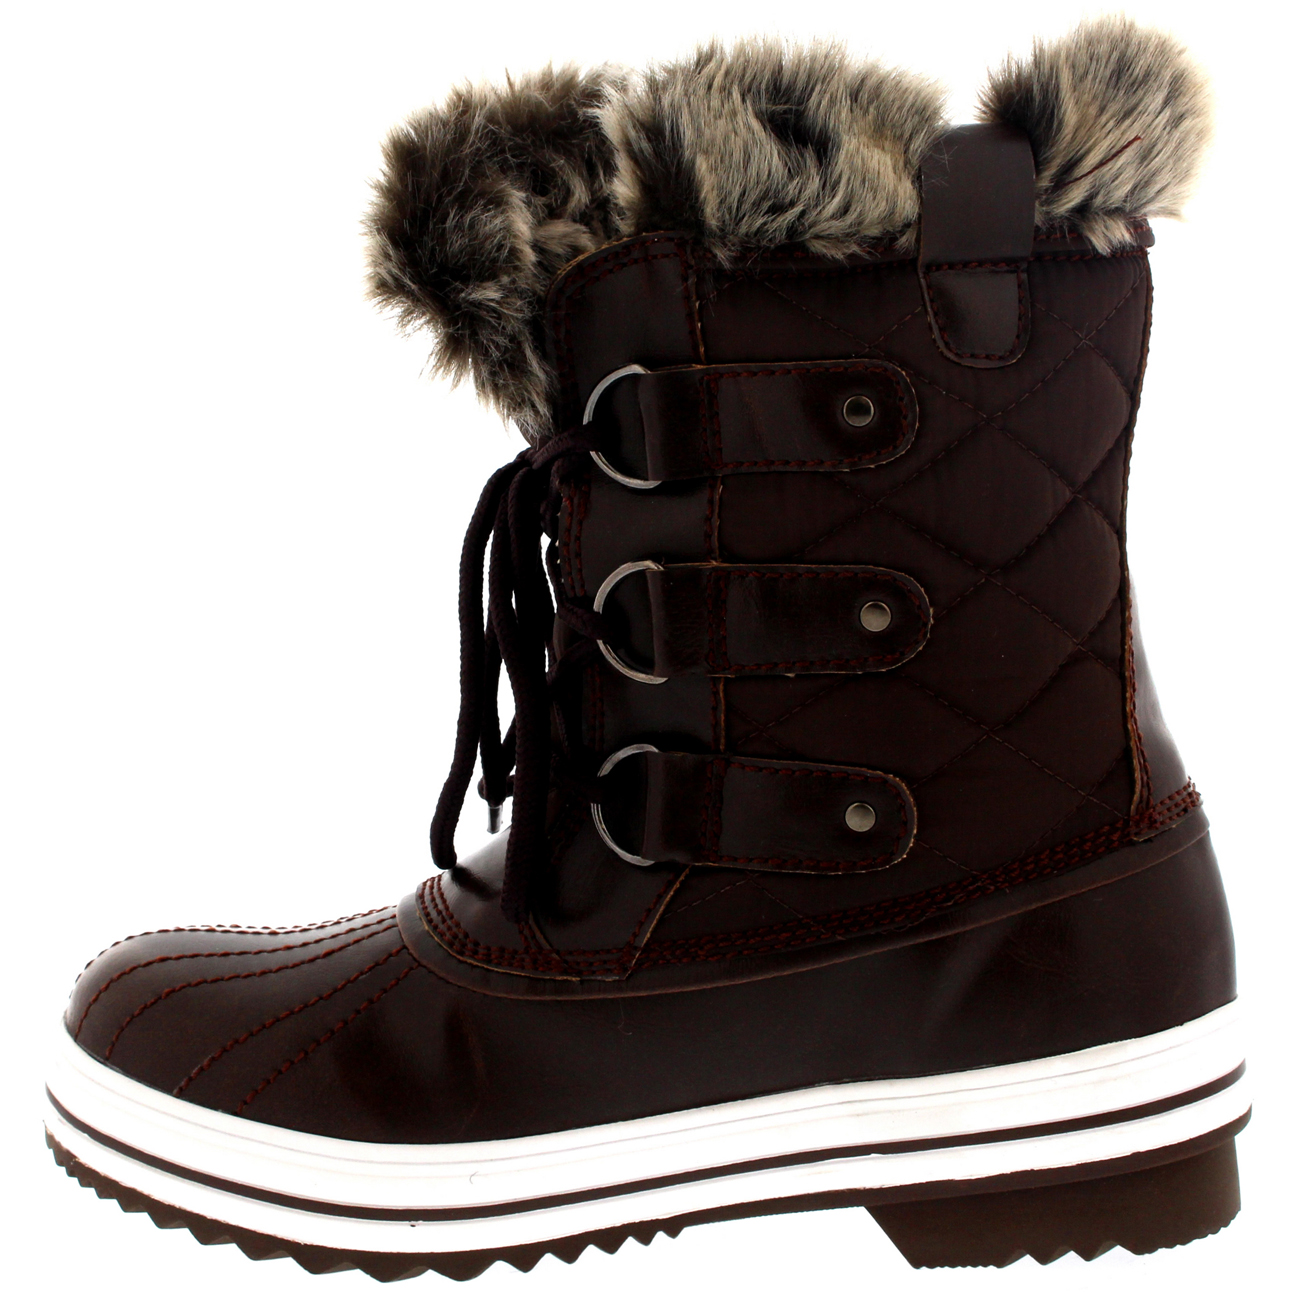 5a24d883902 Womens Snow Boot Nylon Short Winter Snow Fur Rain Warm Waterproof ...
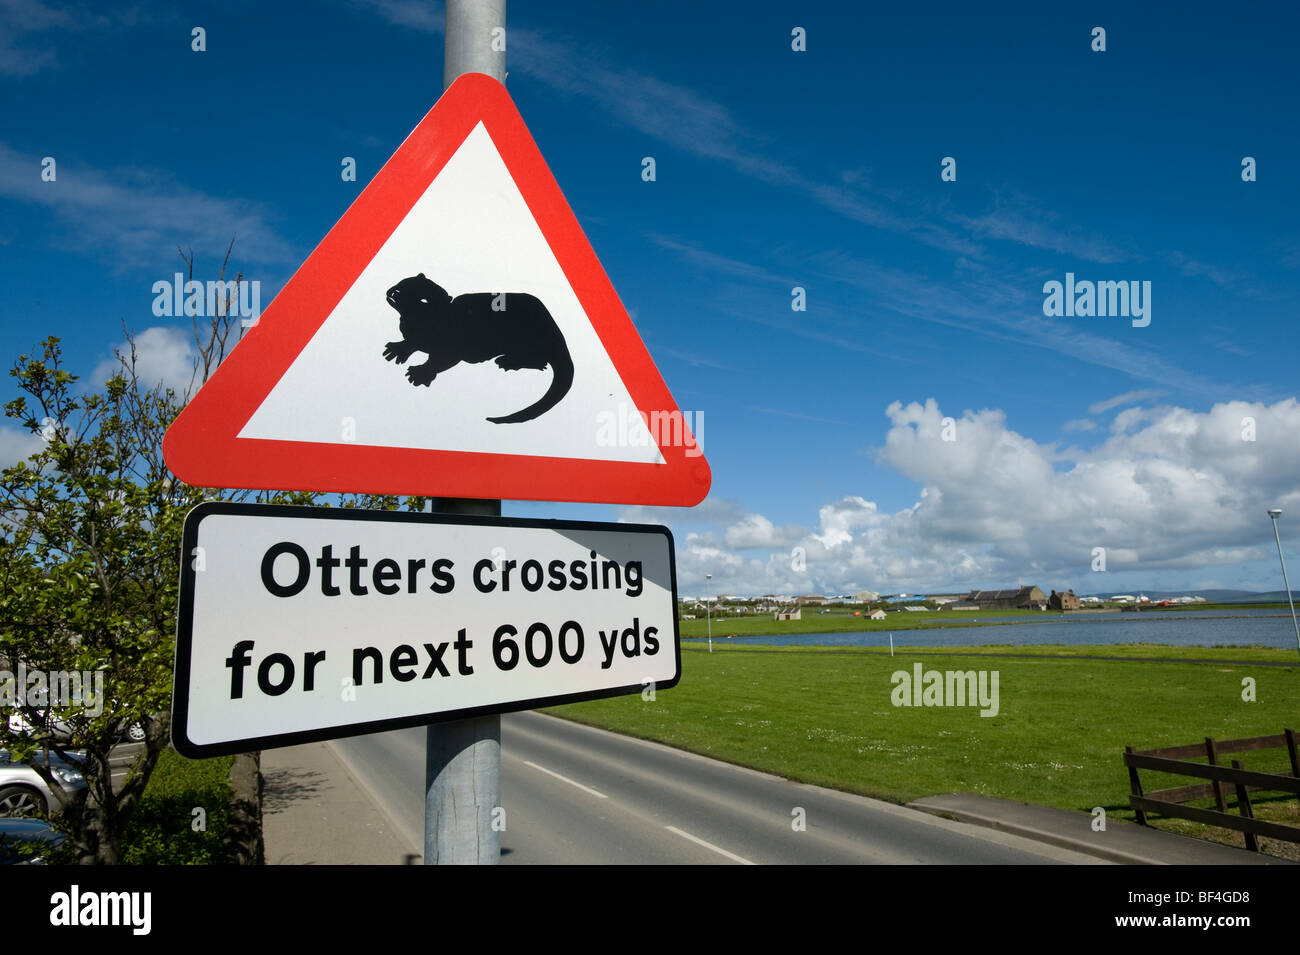 Warning label, 'otters crossing', Kirkwall, Orkney Islands, Scotland, United Kingdom, Europe - Stock Image
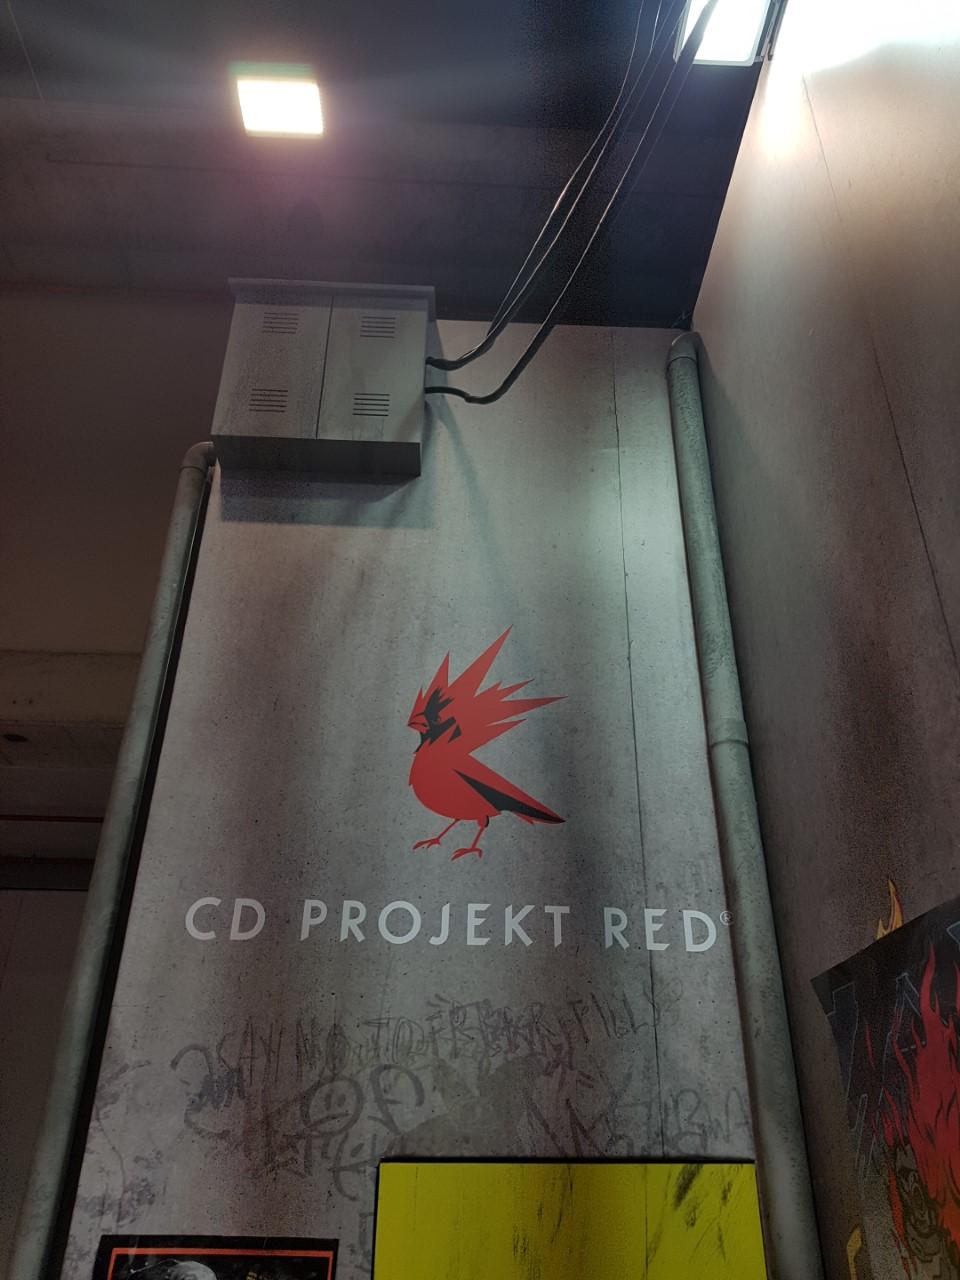 Así lucía la entrada del Stand de Cyberpunk 2077 - Cyberpunk 2077 gameplay

**Work instruction**. Only the lines from the one holding "Warning label, 'otters" through the end of the data are to be printed, exactly as they stand and with no pictures.

**Your solution**.
 Warning label, 'otters crossing', Kirkwall, Orkney Islands, Scotland, United Kingdom, Europe - Stock Image
 Así lucía la entrada del Stand de Cyberpunk 2077 - Cyberpunk 2077 gameplay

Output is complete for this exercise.